Alex Salmond has claimed SNP leadership contender Humza Yousaf missed the final vote to pass equal marriage in Scotland due to “religious pressure”.
The former first minister said the Scottish health secretary’s “memory may be different from mine” but there was an assumption Yousaf was under pressure to avoid the vote.
Yousaf has denied allegations he missed the historic 2014 vote on purpose.
The SNP politician had voted in favour of same-sex marriage at an earlier stage but was not present for the final part of the bill.
Yousaf said he missed it because he was in a series of meetings with the Pakistani government over the case of a Scottish citizen on death row.
But the Alba Party leader said he was notified of Yousaf’s meeting “ten days or so before the vote”.

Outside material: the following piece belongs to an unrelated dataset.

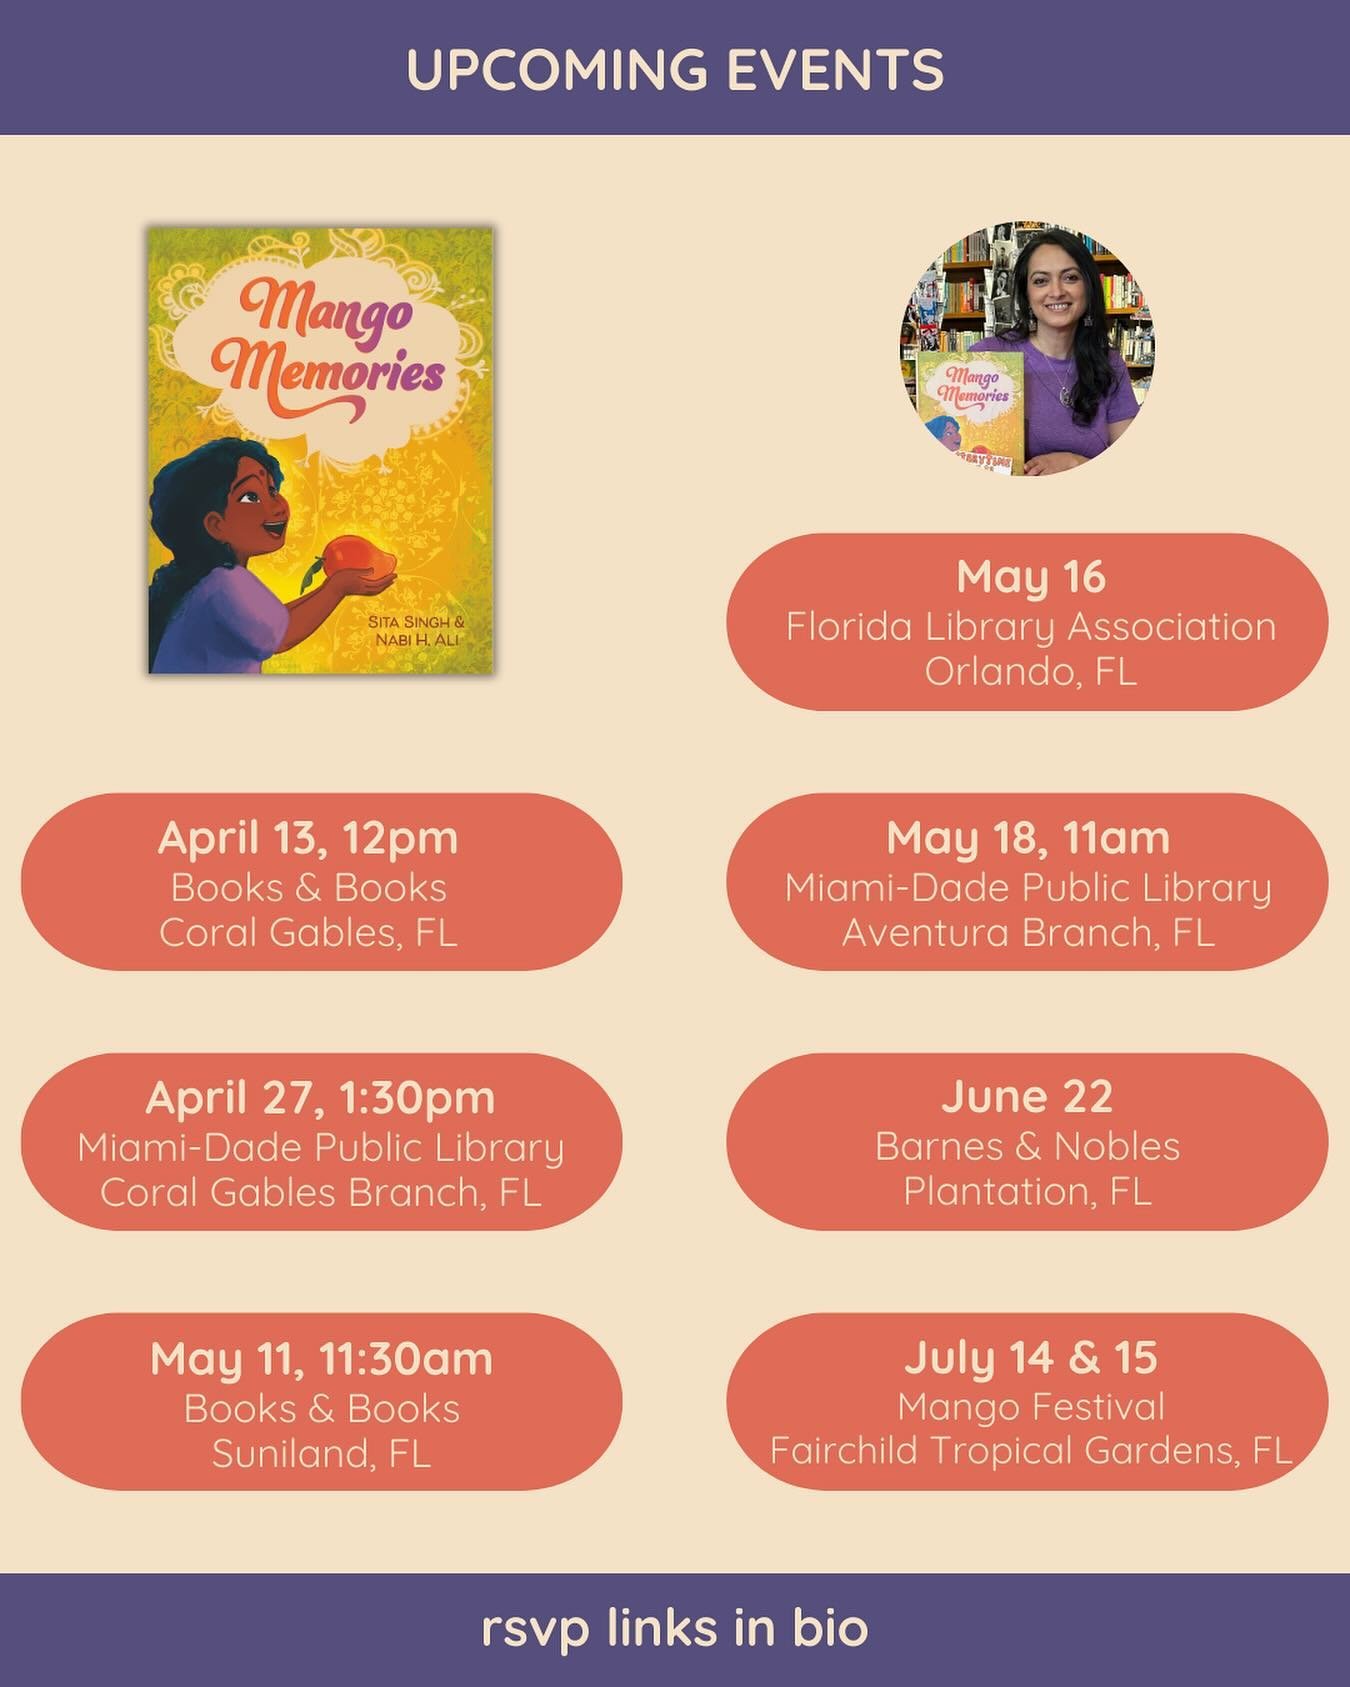 I am looking forward to sharing MANGO MEMORIES at several locations in South Florida over the next few months. I hope to see you at one of these events. 

@nabihaiderali @anneschwartzbooks  @randomhousekids @annedinah2222 @lookingglasslit @pictureboo

Salmond, who was first minister at the time, told Sky News: “I’ve been very reluctant to get involved in this because it is an internal SNP leadership battle.
“I really don’t have a dog in this race, and anything I say, you know, people will say ‘he’s only saying that because he’s leader of Alba’.
“My memory is that I was contacted ten days or so before the vote, when the vote was known and told that Humza was arranging a ministerial appointment.”
Asked if Yousaf skipped the vote because of religious pressure, Salmond said: “That’s my recollection.”
The former SNP leader’s comments follow similar claims by former health secretary Alex Neil.
The former SNP MSP claimed Yousaf missed the final stage of the bill over pressure from a Glasgow mosque.
Neil said Yousaf had “deliberately” arranged a meeting “to give him cover for the timing of the vote”.
Salmond said he had discussed the issue at the time, including with Neil, and added that their recollection of events was the same.
Asked why he thought Yousaf missed the vote, the former first minister said: “I didn’t discuss the thing at great length. The assumption was there was pressure.”
He continued: “His [Yousaf’s] memory may be different from mine, let’s put it that way.
“He seems to have a different recollection from what I do or what Alex Neil has, so be it.”
Yousaf strongly denied the claims.
He said: “As I have said throughout this campaign, I was proud to vote in favour of the Equal Marriage Bill in Scotland’s Parliament.
“I have never denied there was pressure on me regarding this vote, but I was vocal about my support for marriage equality at the time and I remain totally unequivocal on that position.
“As your SNP First Minister, and as someone from a minority background myself, I will champion, defend and celebrate equal rights for all to the hilt.”